Employee stock ownership is not unusual, as exemplified by the many technology startups that often pay employees in equity throughout the early days, often times a strategy to recruit talent. But it is rare that businesses with such established value, such as Chobani, grant shares to employees after said value has been established. NPR reported an immense amount of hugging and crying at the announcement ceremony. “There’s a very emotional bond and an emotional connection that you don’t typically associate with a manufacturing facility, or a yogurt plant.” The loyalty and satisfaction among Chobani employees represents the immense power of the brand.

greek-yogurt

Per capita yogurt consumption has augmented 400 percent over the past three decades (IbisWorld) and Greek yogurt has rocketed to approximately 35% of the overall yogurt market (Bernstein Research). As consumers become more and more health conscious, the low-sugar, high-protein “Greek” yogurt is becoming increasingly “worth” the higher price point.

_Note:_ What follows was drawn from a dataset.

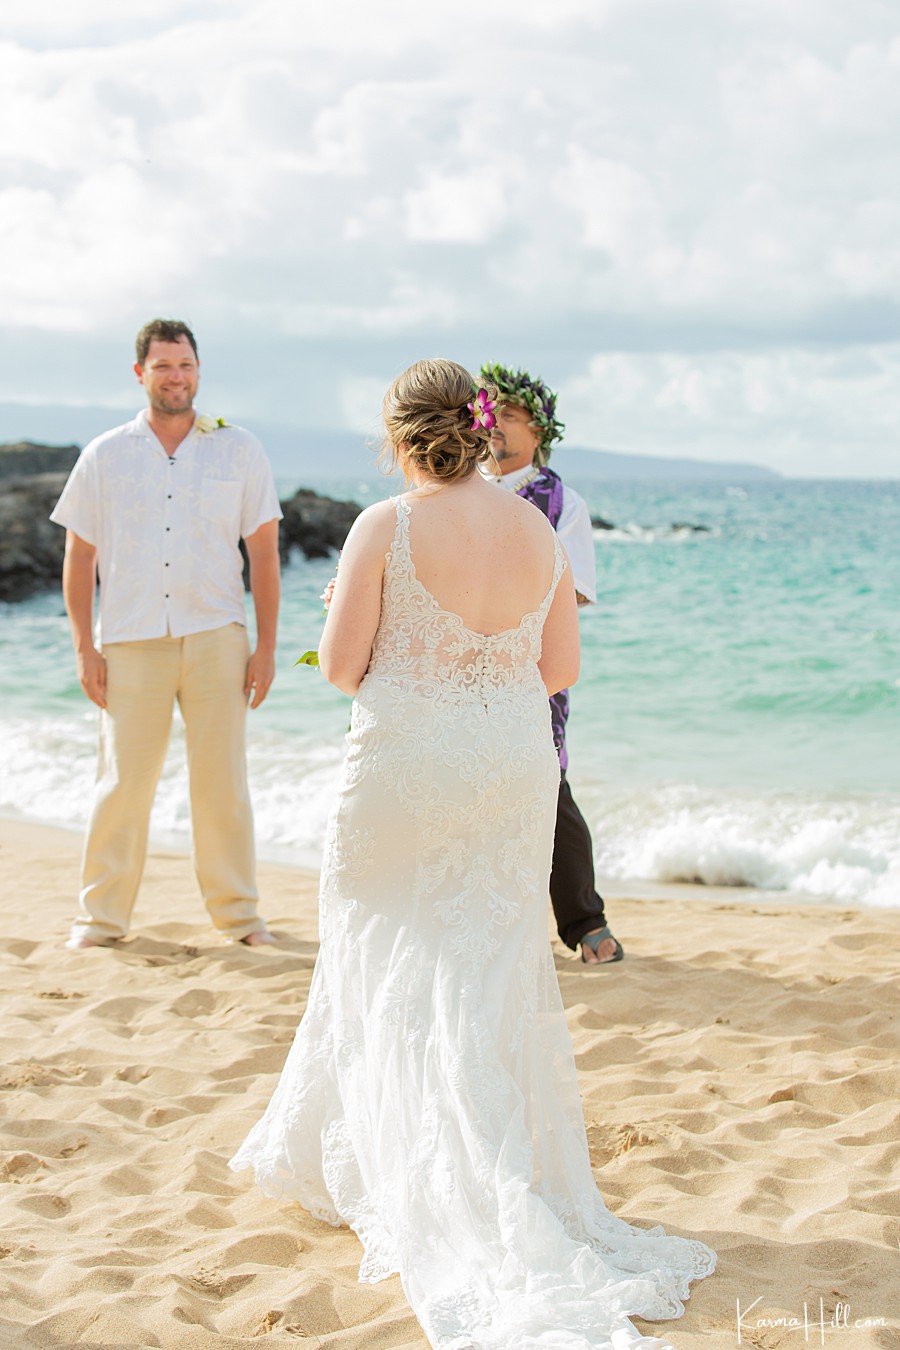 groom sees bride for the first time during beach wedding

Nielsen revealed that while the overall U.S. retail yogurt category experienced a decline in revenue of 0.9% in 2016, Chobani’s U.S. operation experienced both significant volume growth and double digit sales. According to experts, Chobani’s performance was driven in large part by the non-GMO Flip yogurt and the company’s successful foray into yogurt drinks. Chobani has extended its reach: its yogurt tubes have been added to McDonald’s Happy Meals and the yogurt itself is used in McCafe smoothies in over 800 retail locations. Chobani yogurt is also offered on American Airlines, United, Delta, and Jet Blue flights. This represents a tremendous expansion for the brand. While the company is continuously innovating and one day will likely be known for a broader food category than that of yogurt, greek or strained yogurt lovers should not forget the company that was responsible for the uproar of Greek yogurt in America: Chobani.

To me there are two kinds of people in this world. The people who work at Chobani and the people who don’t. -Hamdi Ulukaya, CEO, Chobani.